Giornata Internazionale dei Popoli Indigeni

Giornata Internazionale dei Popoli Indigeni
«I popoli indigeni nel mondo hanno conservato gran parte della storia culturale dell’umanità. Essi parlano la maggior parte delle lingue del mondo e hanno ereditato e trasmesso un bagaglio di conoscenze, forme artistiche, tradizioni culturali e religiose. In questa Giornata Internazionale dei Popoli Indigeni rinnoviamo il nostro impegno in favore del loro interesse». Con queste parole il Segretario Generale dell’Onu Ban Ki-moon ha ricordato le celebrazioni per la giornata dedicata ogni anno alle popolazioni indigene, cui appartengono secondo alcune stime 370 milioni di persone sparse in tutti i continenti.
Pur ricordando i passi avanti fatti in loro difesa, Ban Ki-moon ha sottolineato diverse problematiche ancora da affrontare: «I popoli indigeni sono ancora vittime del razzismo, delle cattive condizioni di salute e della povertà estrema. In molte società le loro lingue, religioni e tradizioni culturali sono stigmatizzate ed esecrate».
Pubblicato lo scorso gennaio, il primo rapporto in assoluto delle Nazioni Unite sullo stato dei popoli indigeni ha mostrato statistiche allarmanti. In alcuni Paesi sono 600 volte più esposti al rischio di contrarre la tubercolosi rispetto al resto della popolazione. In altri invece un indigeno muore 20 anni prima rispetto a un suo compatriota non indigeno.

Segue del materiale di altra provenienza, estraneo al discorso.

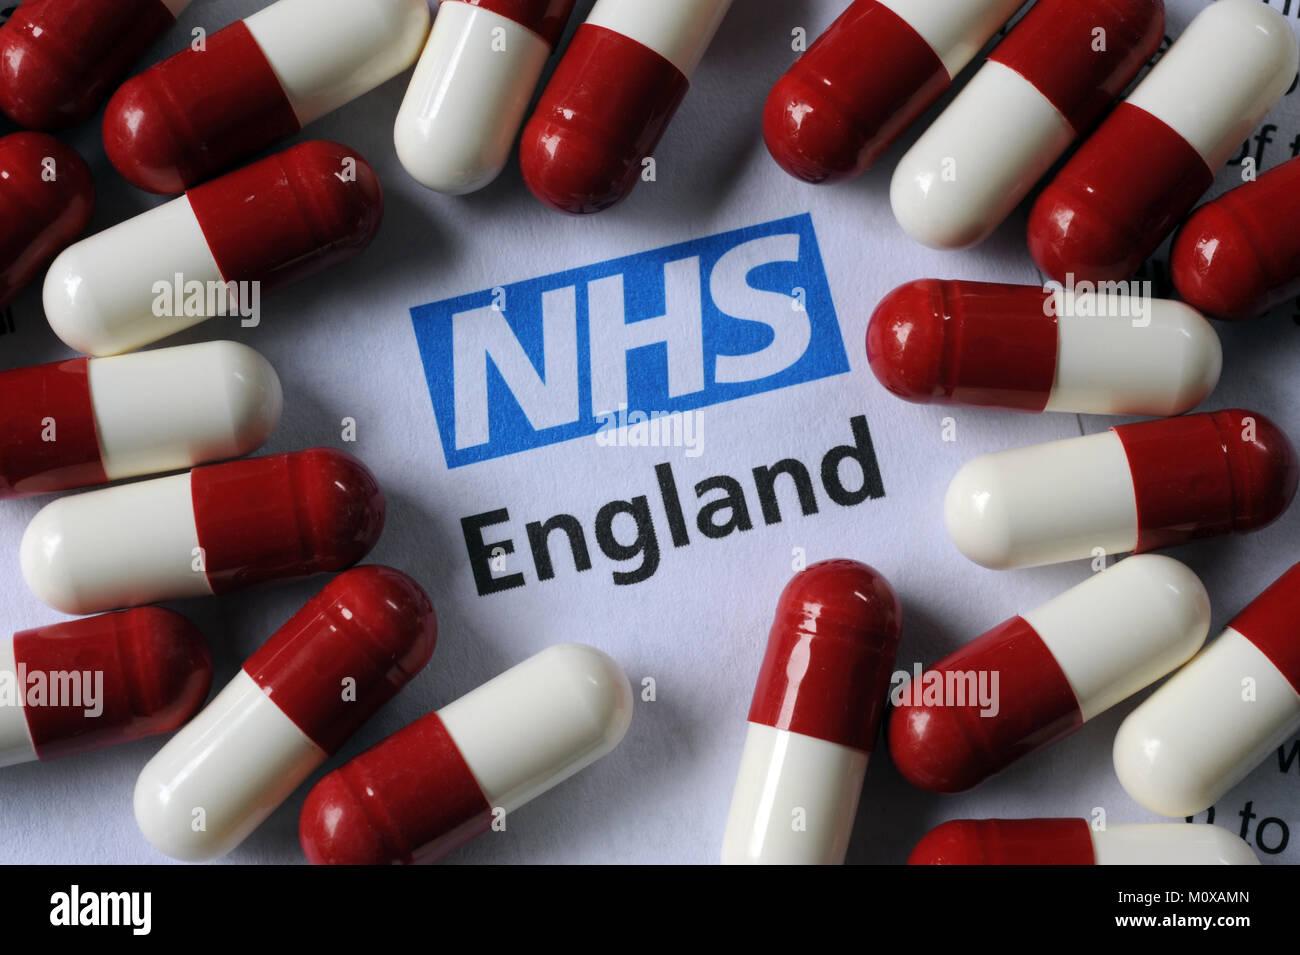 NHS ENGLAND LITERATUR MIT DROGE KAPSELN RE DAS GESUNDHEITSWESEN PATIENTEN ÄRZTE MEDIZIN ETC. UK Stockbild

Sul contributo che queste popolazioni possono dare allo sviluppo umano, si è soffermata Antonella Cordone, coordinatrice delle questioni indigene e tribali per il Fondo Internazionale per lo sviluppo agricolo: «I popoli indigeni sono custodi e gestori delle nostre risorse naturali. Nel corso dei secoli hanno imparato ad adattarsi alle nuove sfide ambientali e hanno una memoria ancestrale unica che può aiutare a trovare risposte al cambiamento climatico».
La Giornata si è celebrata ieri, in concomitanza con l’anniversario della Convenzione 169 dell’Organizzazione internazionale del lavoro, l’unica legislazione che riconosce e protegge i diritti territoriali delle comunità native e tribali, siglata però da appena una ventina di Paesi.
Anche Slow Food riconosce il ruolo fondamentale della popolazioni indigene, portatrici di identità culturali e linguistiche. E proprio la quarta edizione di Terra Madre (a Torino dal 21 al 25 Ottobre) sarà incentrata sulla salvaguardia delle etnie, delle lingue autoctone, sulla valorizzazione dei valori dell’oralità e della memoria. I protagonisti della giornata di apertura rappresenteranno alcune tra le più significative comunità indigene del mondo (americane, asiatiche, africane ed europee) e i discorsi della cerimonia saranno pronunciati nella loro lingua madre.